President and CEO of National Health Data Science Lab
Senior Member of Institute of Electrical and Electronics Engineers (IEEE)
Association for Computing Machinery (ACM) Professional Member
Association for the Advancement of Artificial Intelligence (AAAI) Member
MD in Business Economics, Informational Technology
A. Personal Statement
My career trajectory reflects a passionate commitment to leveraging cutting-edge information technology for tangible impact, beginning as a software developer and progressively embracing leadership roles to successfully drive multiple project launches. This foundation in practical execution has been complemented by a strong entrepreneurial drive, notably demonstrated as the co-founder, President, and CEO of National Health Data Science Lab, a scientific startup focused on healthcare. In this leadership capacity, I oversee strategic direction and operational execution, further solidifying my accountability and vision.
My academic background includes a Master's Degree in Information Technology with a specialization in Software Engineering, providing a robust theoretical and practical framework for my work. My dedication to advancing the field is evident through my active membership in prestigious professional organizations such as the Institute of Electrical and Electronics Engineers (Senior IEEE Membership), the Association for Computing Machinery (ACM Professional Membership) and the Association for the Advancement of Artificial Intelligence (AAAI Membership).
I possess demonstrated scientific research experience since 2024, with a core interest in Data Science, Big Data, Data Mining, Artificial Intelligence (AI), and Machine Learning (ML). My contributions in these areas are already formally recognized through peer-reviewed publications.

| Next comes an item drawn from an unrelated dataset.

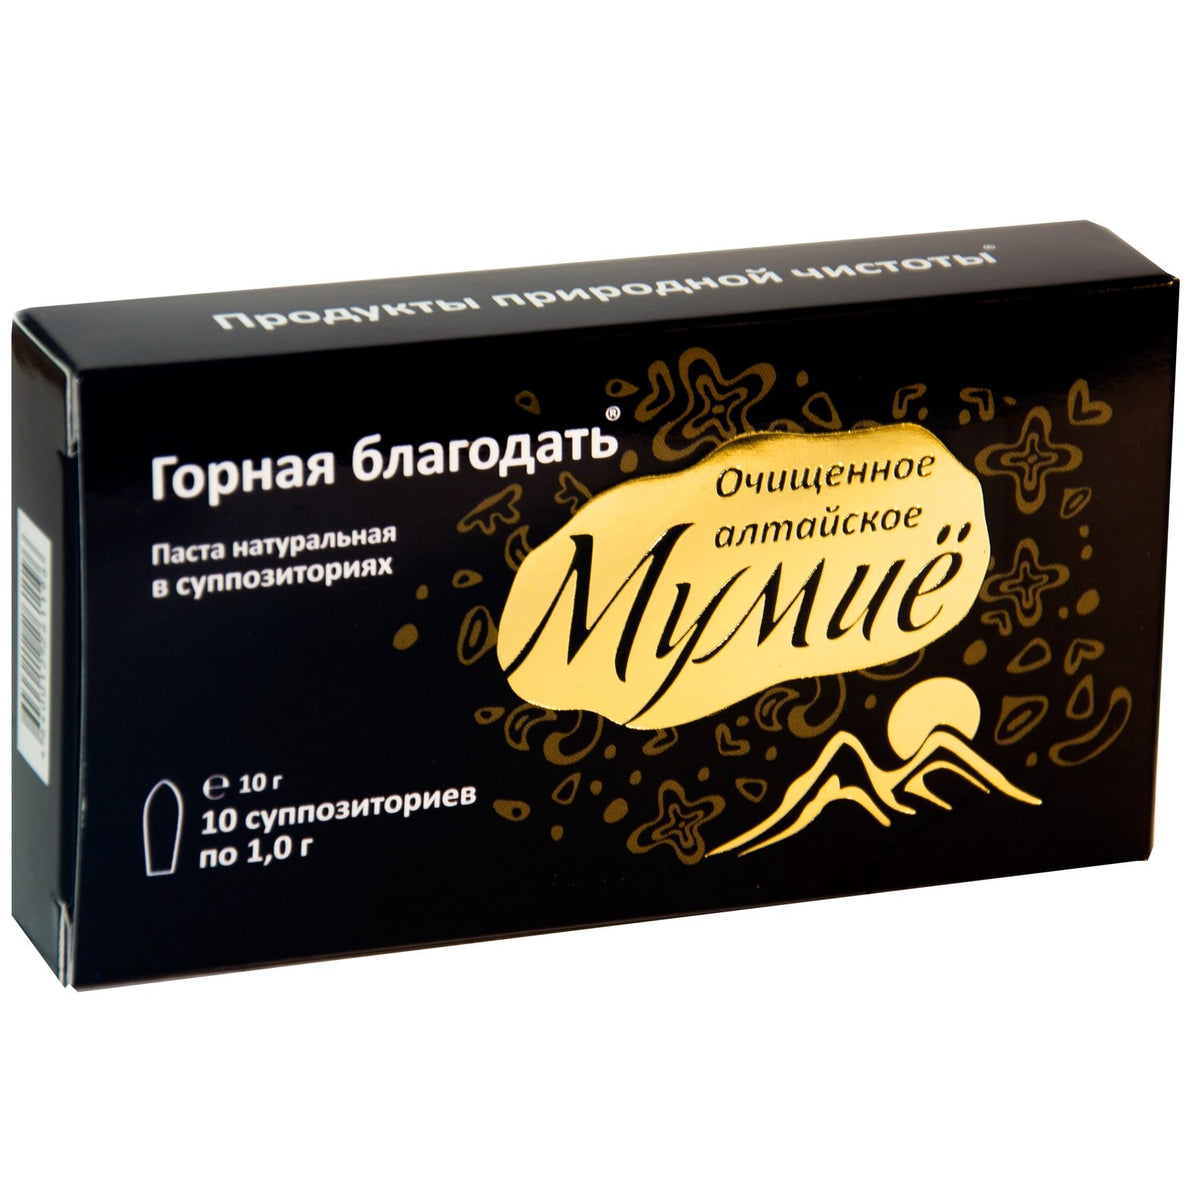 Baume crème Shilajit Pure Premium &#39;Mountain Grace&#39; sous forme de capsule cylindrique 10 grammes (10 unités x 1 gramme chacune)

These publications highlight my capabilities in applying advanced AI and ML techniques to complex data problems, specifically within forecasting and predictive modeling. My goal is to continue pushing the boundaries of data science and AI, particularly where it intersects with real-world applications that demand innovative solutions. My combined expertise in software engineering, research, and leadership, coupled with my entrepreneurial experience, positions me to make significant contributions to pioneering projects in these domains.
B. Positions, Scientific Appointments, and Honors
Positions and Scientific Appointments
2024 – Present Scientific Researcher, National Health Data Science Lab
2022 - 2024 Graduate Researcher, Kharkiv National University of Radio Electronics
С. Research Contribution and Accomplishments
My early research contributions focus on the application of artificial intelligence and machine learning algorithms for forecasting Bitcoin prices, with an emphasis on boosting models and sentiment analysis techniques. Through two peer-reviewed publications, I explored how predictive analytics can help address the volatility of cryptocurrency markets. In my first publication, “Bitcoin Price Prediction Using the Boosting Algorithm,” I investigated the effectiveness of boosting-based models in capturing nonlinear dependencies in Bitcoin price movements. The study involved comprehensive data preprocessing, feature engineering, model training, and hyperparameter optimization. Despite inherent market volatility, the results demonstrated that boosting algorithms — particularly when properly tuned — offer robust performance and reliable insight into price trends. This work highlights the potential of ensemble learning methods to support investment decision-making and strategic financial forecasting in digital asset markets.
a. Anton Naumov; Afanasieva Irina, Onyshchenko Konstantin; “Bitcoin Price Prediction Using the Boosting Algorithm”; The 2nd International scientific and practical conference “Science and society: modern trends in a changing world” (January 22-24, 2024) MDPC Publishing, Vienna, Austria. 2024. ISBN: 978-3-954754-01-4 https://sci-conf.com.ua/wp-content/uploads/2024/01/SCIENCE-AND-SOCIETY.-MODERN-TRENDS-IN-A-CHANGING-WORLD-22-24.01.24.pdf#page=197
In my second publication, “A Study of the Effectiveness of Using Information Technology Based on Artificial Intelligence for Bitcoin Price Forecasting,” I extended this research by incorporating natural language processing (NLP) techniques and sentiment analysis from financial news to improve prediction accuracy. Utilizing tools such as TextBlob, VADER, Flair, spaCy, and BERT in combination with LSTM neural networks, I evaluated the impact of sentiment-derived features on model performance. The findings suggest that integrating sentiment metrics with time series data significantly enhances predictive precision, underscoring the importance of multidimensional data sources in financial modeling.
a. Anton Naumov; Victoria Vysotska; Kirill Smelyakov; Valentina Shtanko; “A Study of the Effectiveness of Using Information Technology Based on Artificial Intelligence for Bitcoin Price Forecasting”; 2024 IEEE 19th International Conference on Computer Science and Information Technologies (CSIT); 2024; DOI: 10.1109/csit65290.2024.10982646
Together, these studies contribute to the growing body of interdisciplinary research at the intersection of artificial intelligence, finance, and data science. They provide practical frameworks for applying machine learning techniques to high-volatility financial instruments, and lay the groundwork for future investigations into AI-driven economic forecasting systems.